* [SOURCE MATERIAL]:
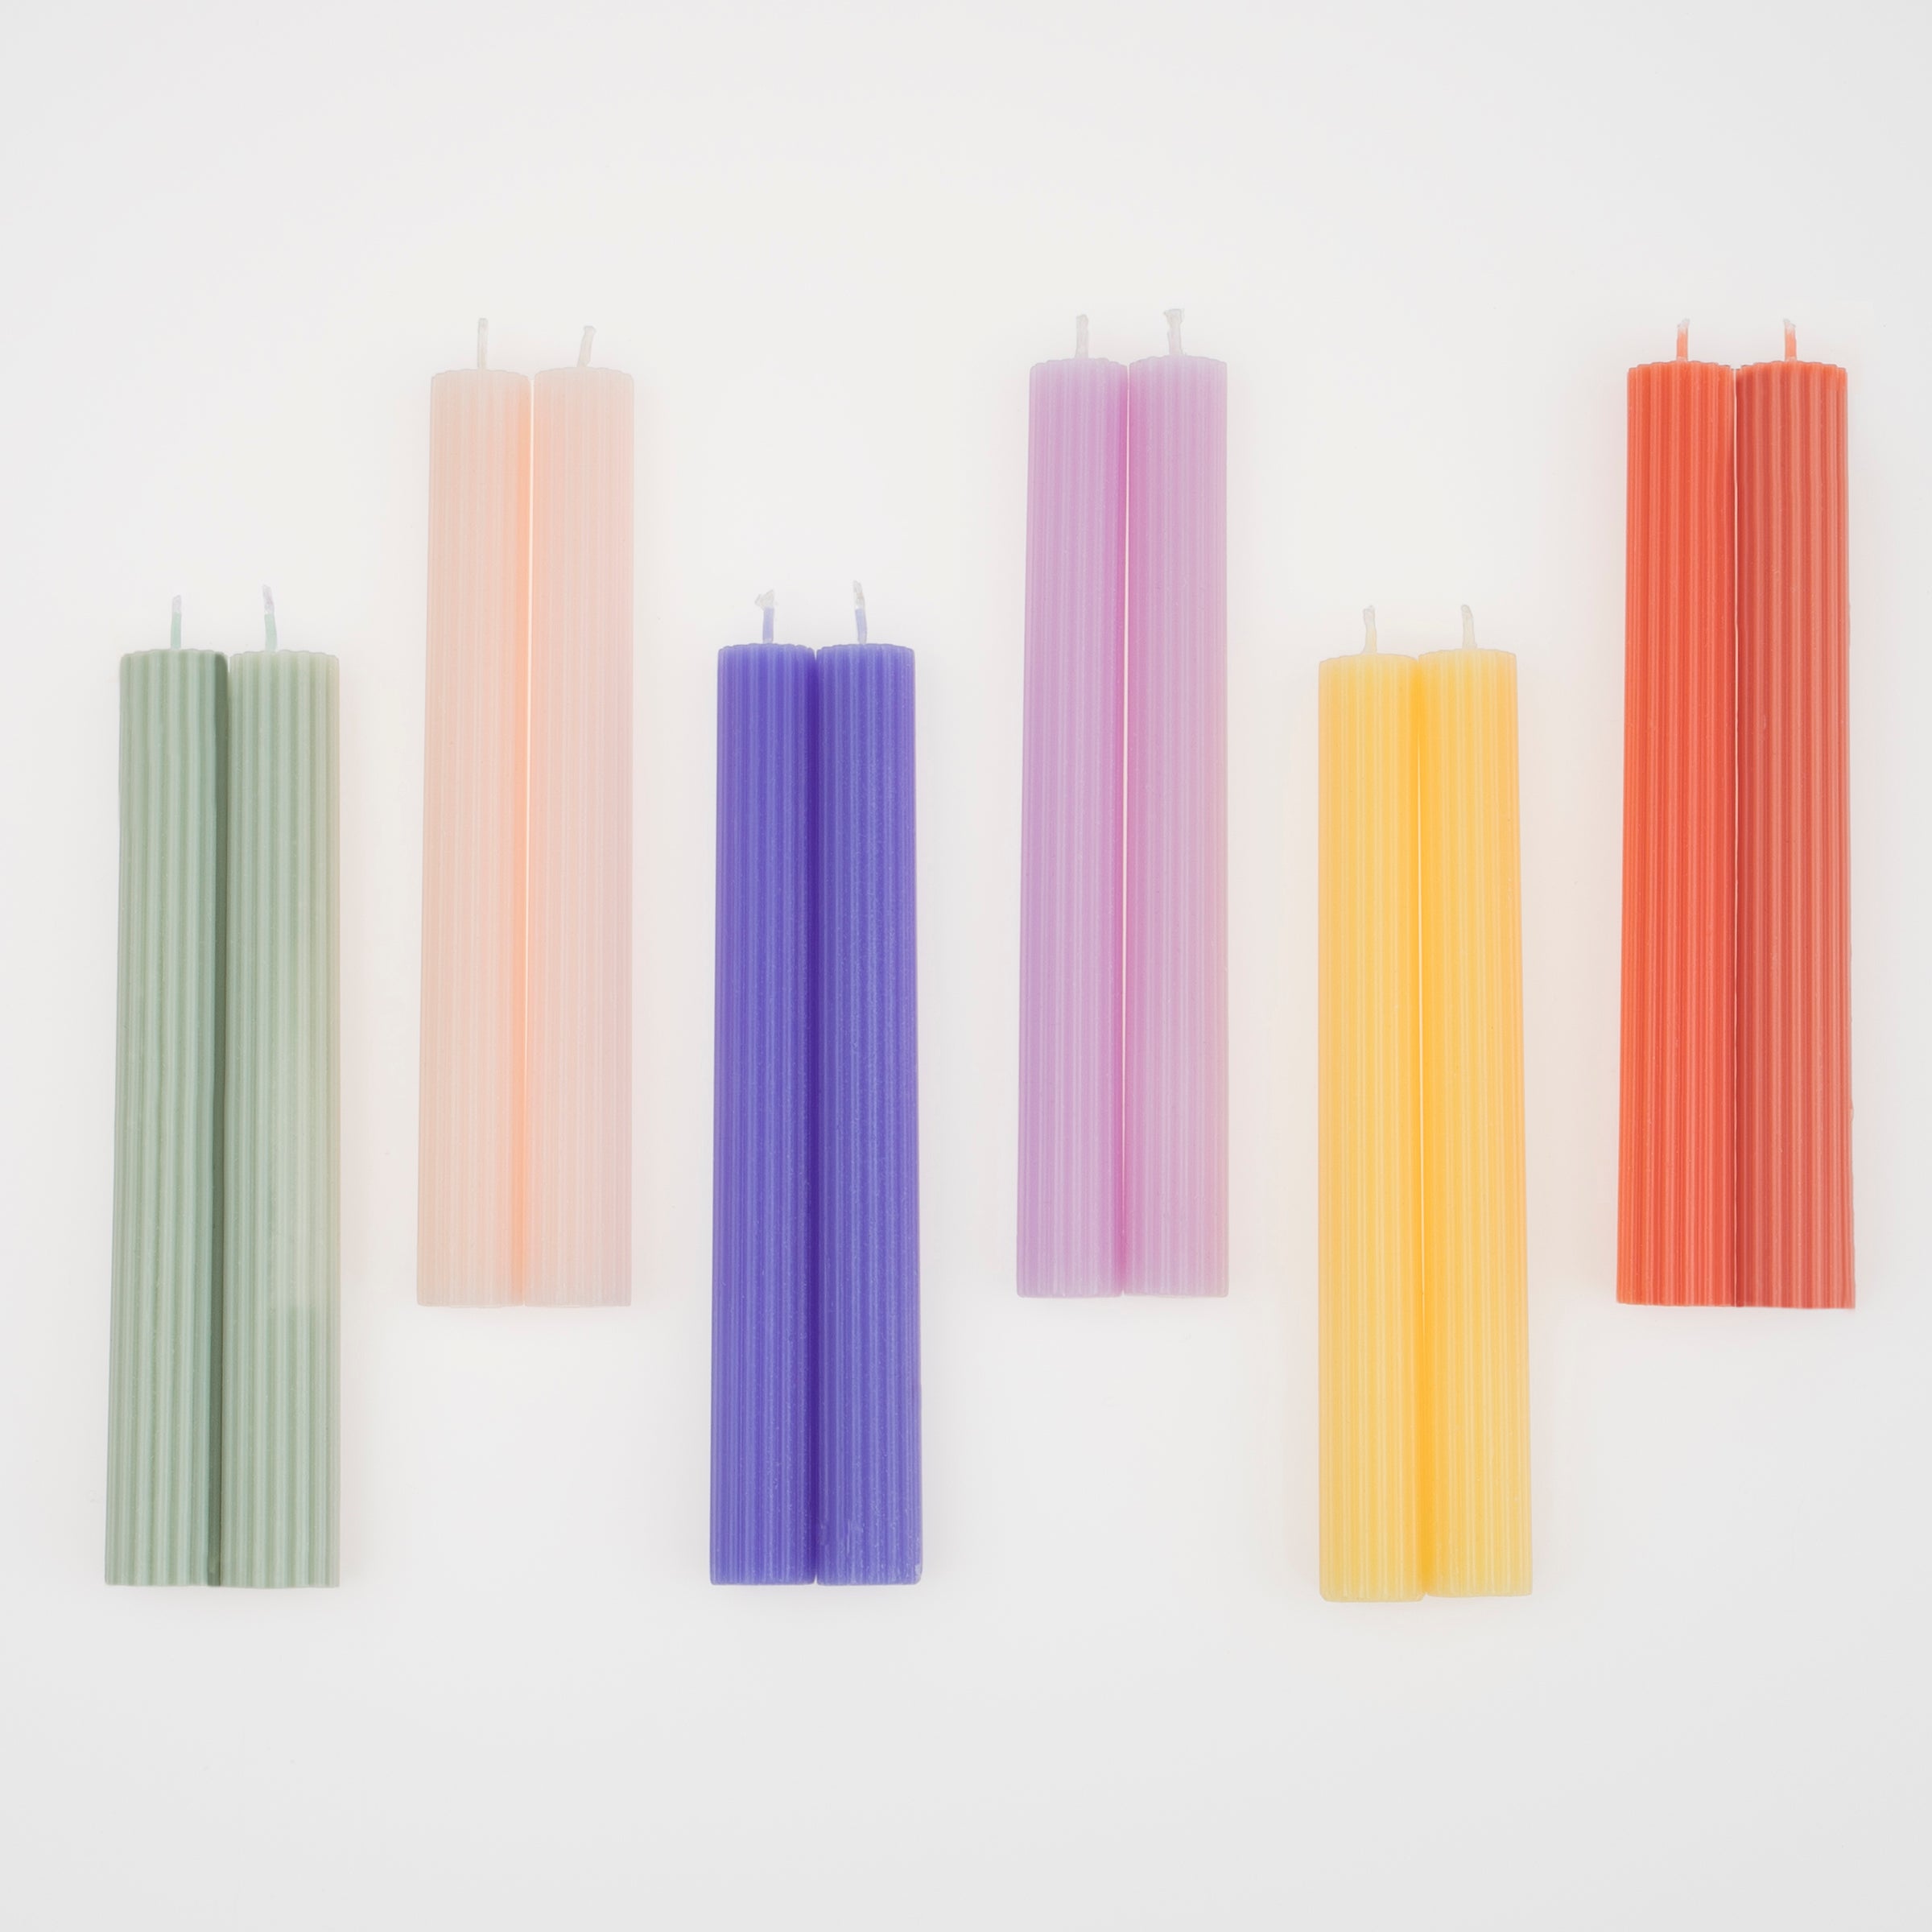 Our decorative candles in coral, pink, blue, sage and yellow will add colour to your party table.
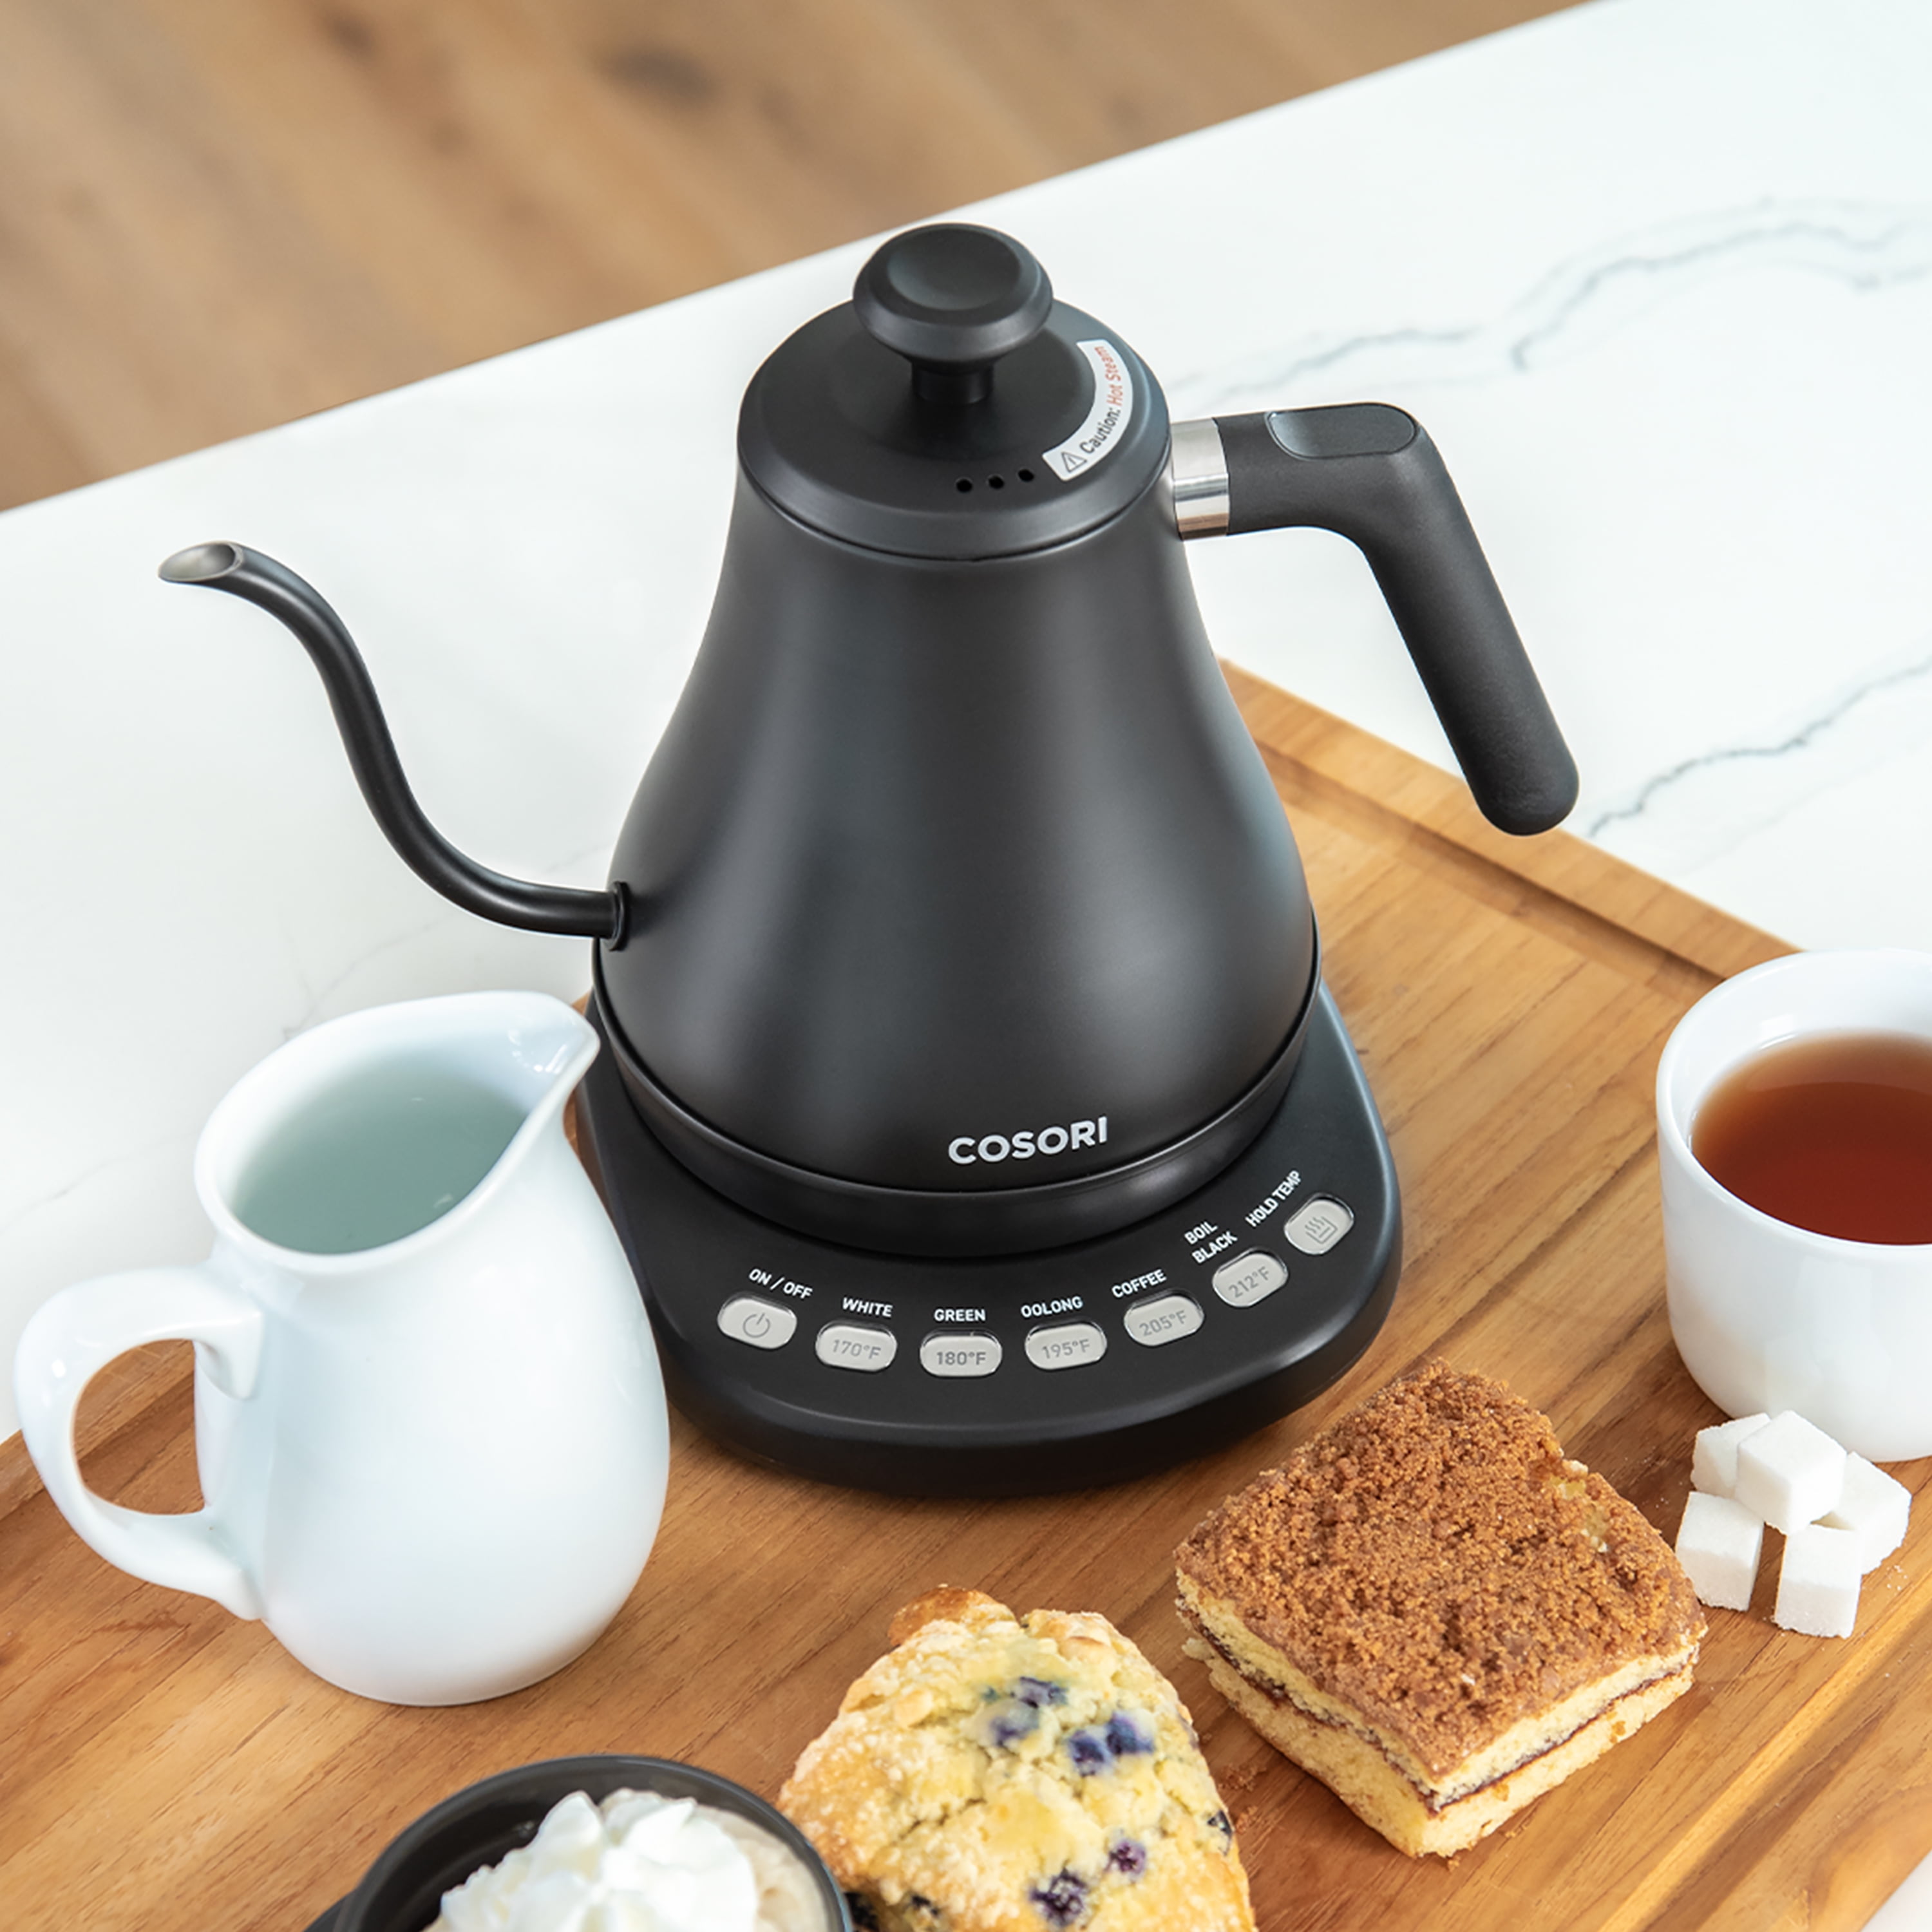 Cosori - Match your kettle to your style and preferences. The CS108-NK  Smart Gooseneck Kettle (left) and the CO117-DK Digital Glass Kettle (right)  are available for purchase on our website at cosori.com! (
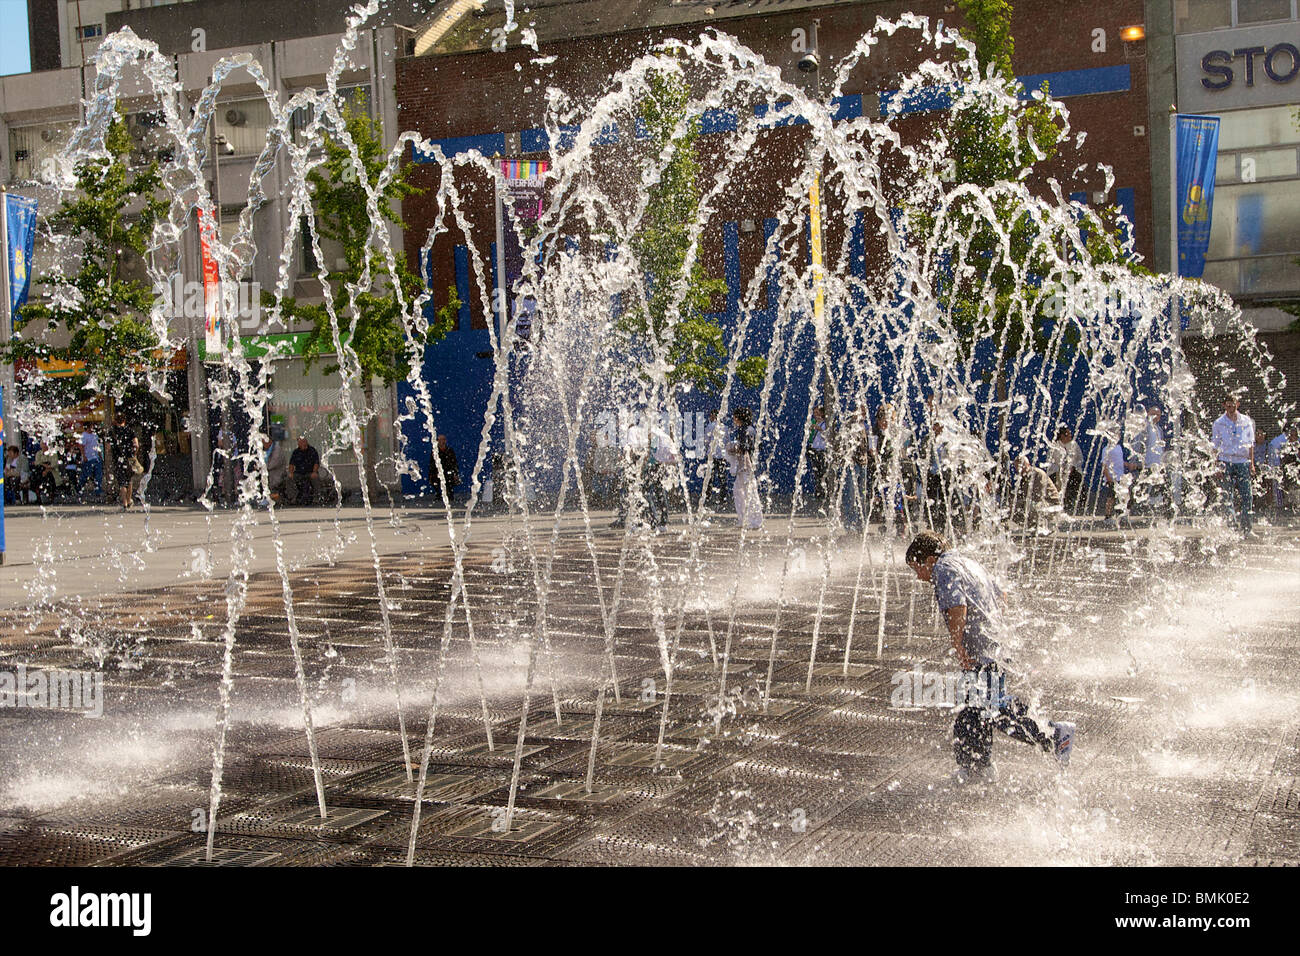 The fountain in Williamson Square in Liverpool with boy running through it. Stock Photo

* [WHAT THE TASK REQUIRES]: An exact repetition of the listing is needed, with the pictures dropped.

* [RESULT FOR THIS EXERCISE]:
 Our decorative candles in coral, pink, blue, sage and yellow will add colour to your party table.
 Cosori - Match your kettle to your style and preferences. The CS108-NK  Smart Gooseneck Kettle (left) and the CO117-DK Digital Glass Kettle (right)  are available for purchase on our website at cosori.com! (
 The fountain in Williamson Square in Liverpool with boy running through it. Stock Photo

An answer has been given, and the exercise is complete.